What happens when it is the 1.1%?


1 comment

  • Jennie

    Let's start with the obvious: If it's professional-grade photography or has a copyright watermark, you're fine.

    If you want to absolutely safe, turn off submissions. Second to that, you could apply the same standard that the site uses for exposure content -- they have to be holding a note with the blog name in one of the pics.

    For a more moderate approach, check their blog. Do they have other pictures of themselves on their blog? And more importantly, is it the same person?

    Have you engaged in a conversation with the submitter before? If so, it's probably okay, but if it's a random submission from someone you're not a mutual follower with or never chatted with, don't accept it.

    Are there any identifying features? If so, are they obscured? If they've taken steps to anonymize the pics, that's good.

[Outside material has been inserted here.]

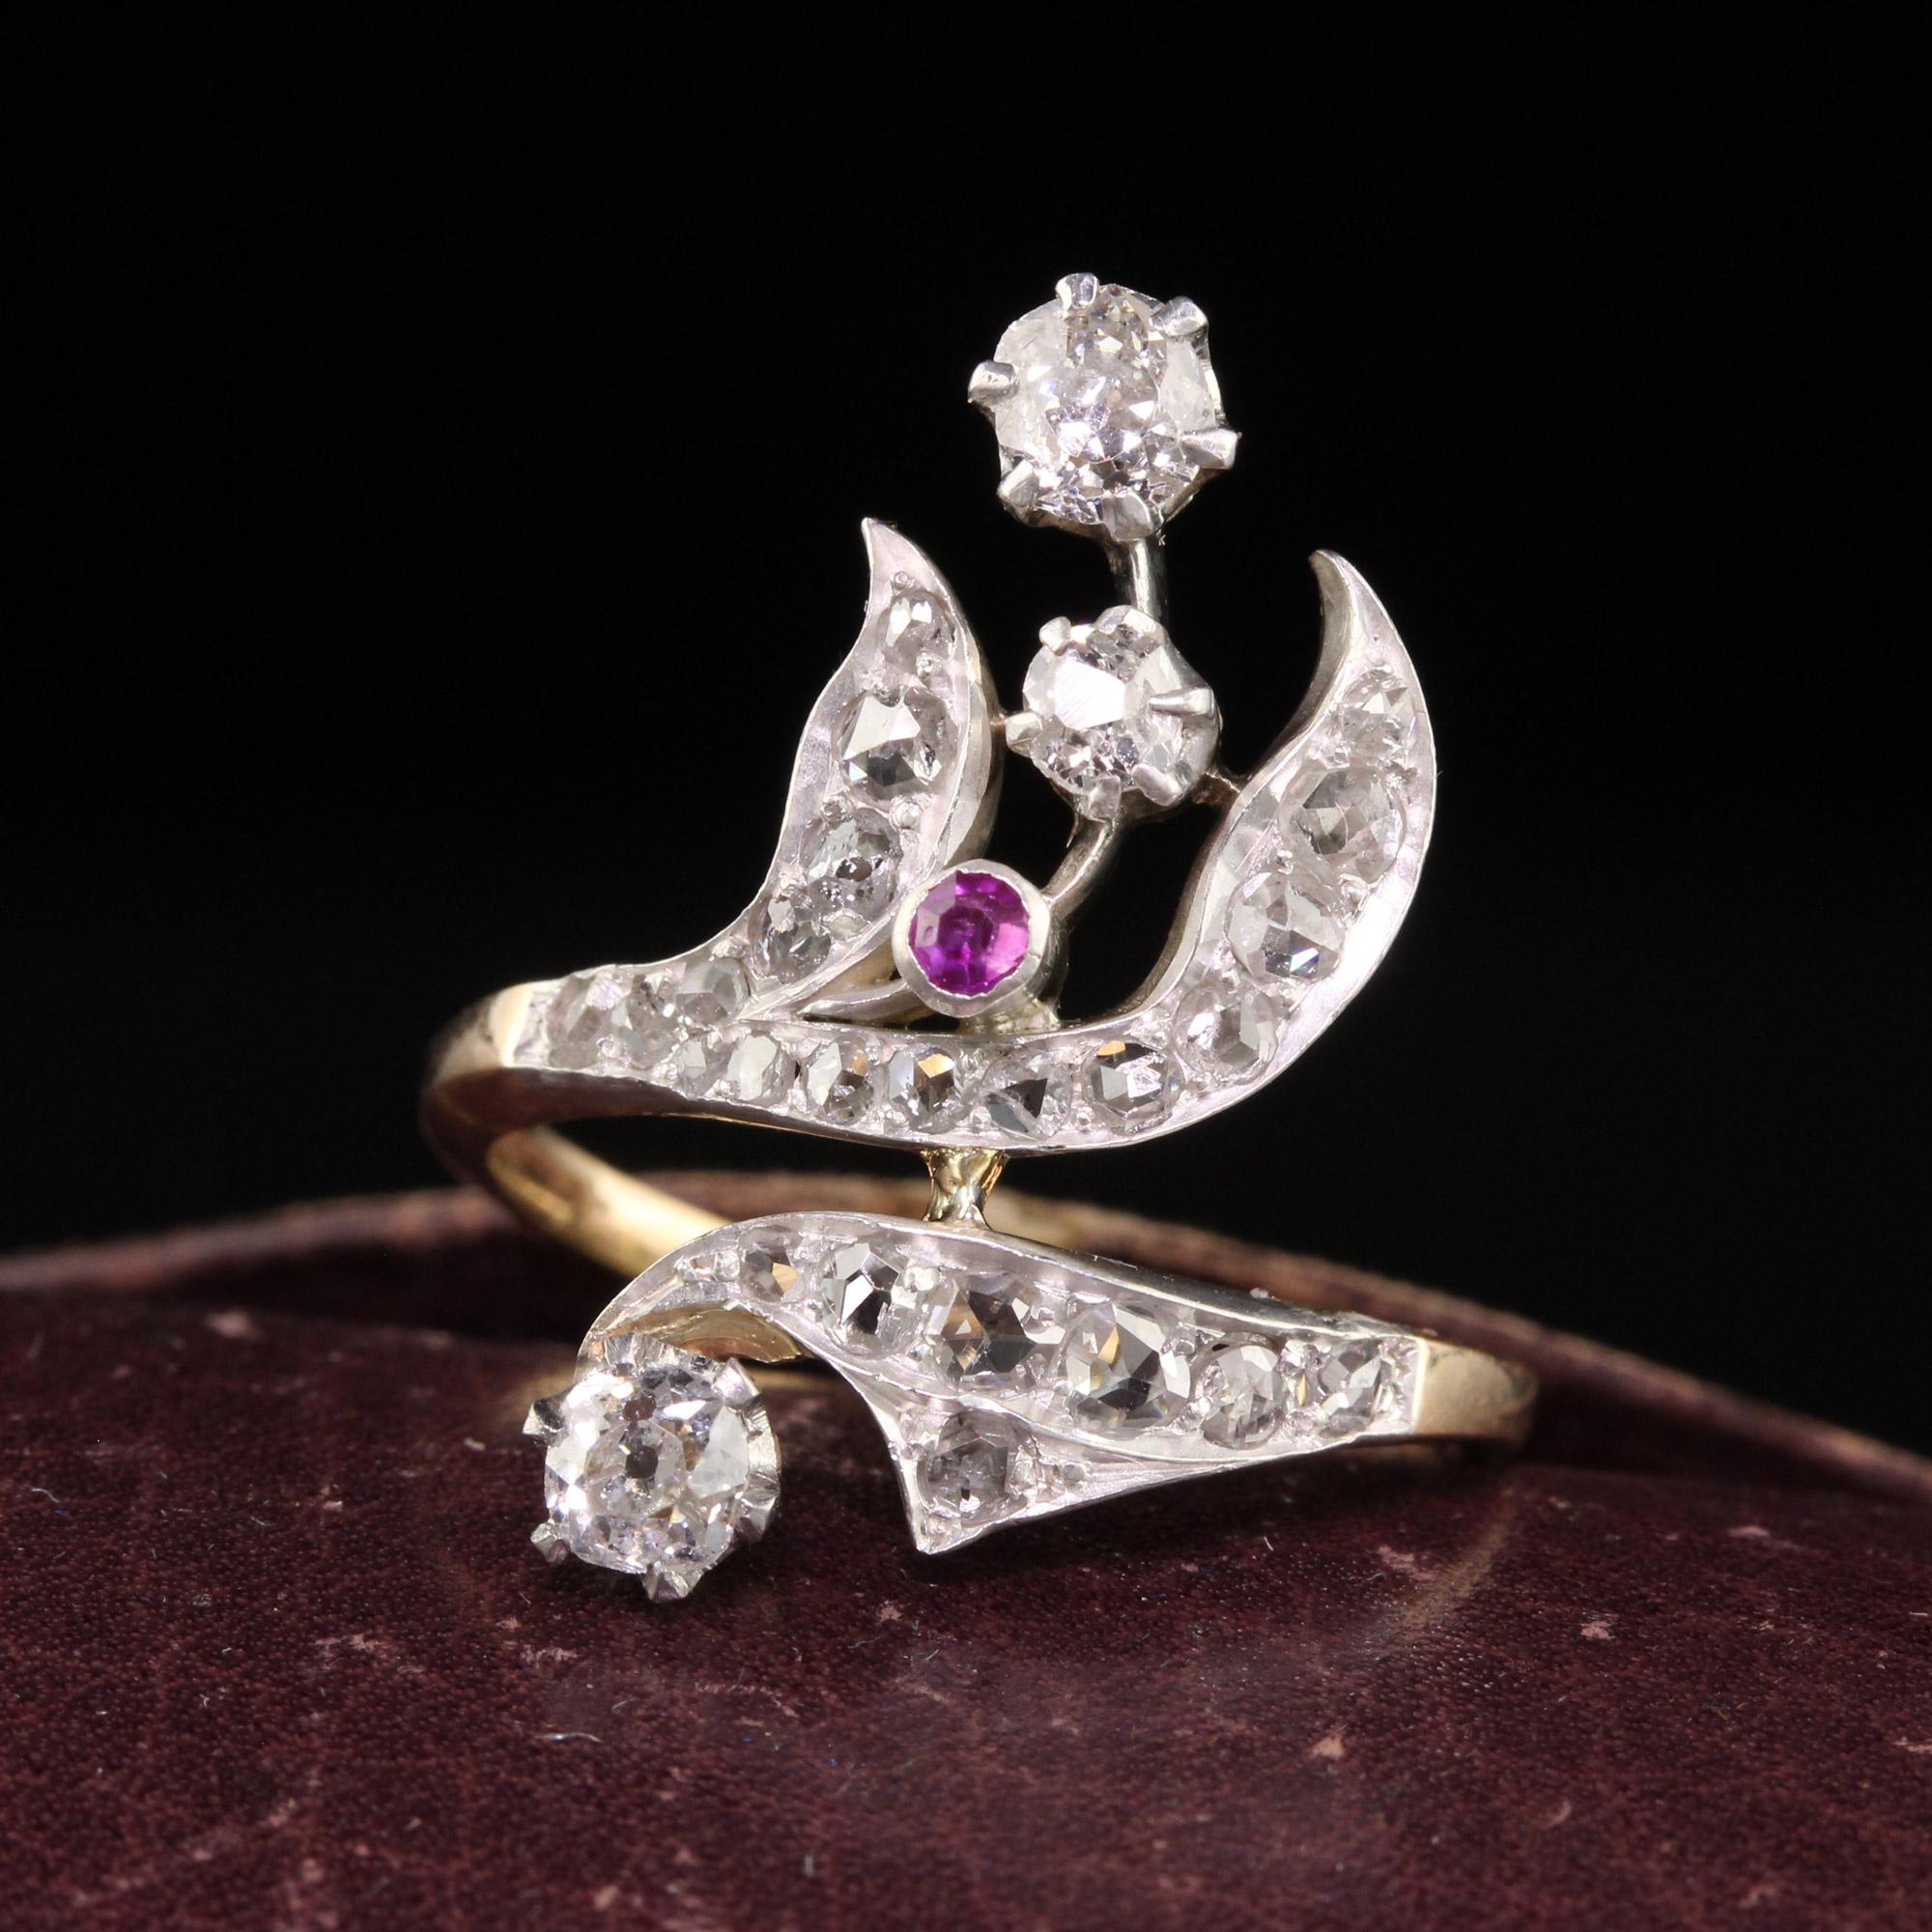 Beautiful Antique Victorian 18K Yellow Gold Silver Top Rose Cut and Ruby Floral Ring. This gorgeous ring is crafted in 18k yellow gold and silver top. The ring has rose cut diamonds all over the petals and three old mine cut diamonds in different

    Does your blog follow a certain theme, and if so, does the submission match the theme? For example, a submission of a naked woman in a lawn chair reading a novel makes sense to submit to the ReadingIsSexy blog, but a random hotel bj pic does not.

    If they provide any context, does that context make sense? Does that context match the interests you've shared on your blog?

    If they submitted more than image, are the images different enough to show they were taken over a long period of time? Different clothes, different settings, different hair, etc. The more variation, the more likely they are legit. (This applies more to leaks than revenge, but leaks should be treated the same as revenge.)

    You can also save the image, then run it through tineye.com's reverse image lookup and see if you get any hits. This can help you find the image's source. If it's all over the internet, it's almost certainly not the submitter.

    Use good judgement, and don't accept *random* submissions.

    (Anecdote: I received a submission to my office/work-themed blog from a woman. Several rope bondage pics in different hotel rooms. She explained on one of them that this is what she does at work conferences. Her face was obscured in all of the pics. So those pics checked several different boxes: context, different settings, matched the blog theme, anonymized pics -- the only thing missing was that I hadn't chatted with the submitter. I let those through.)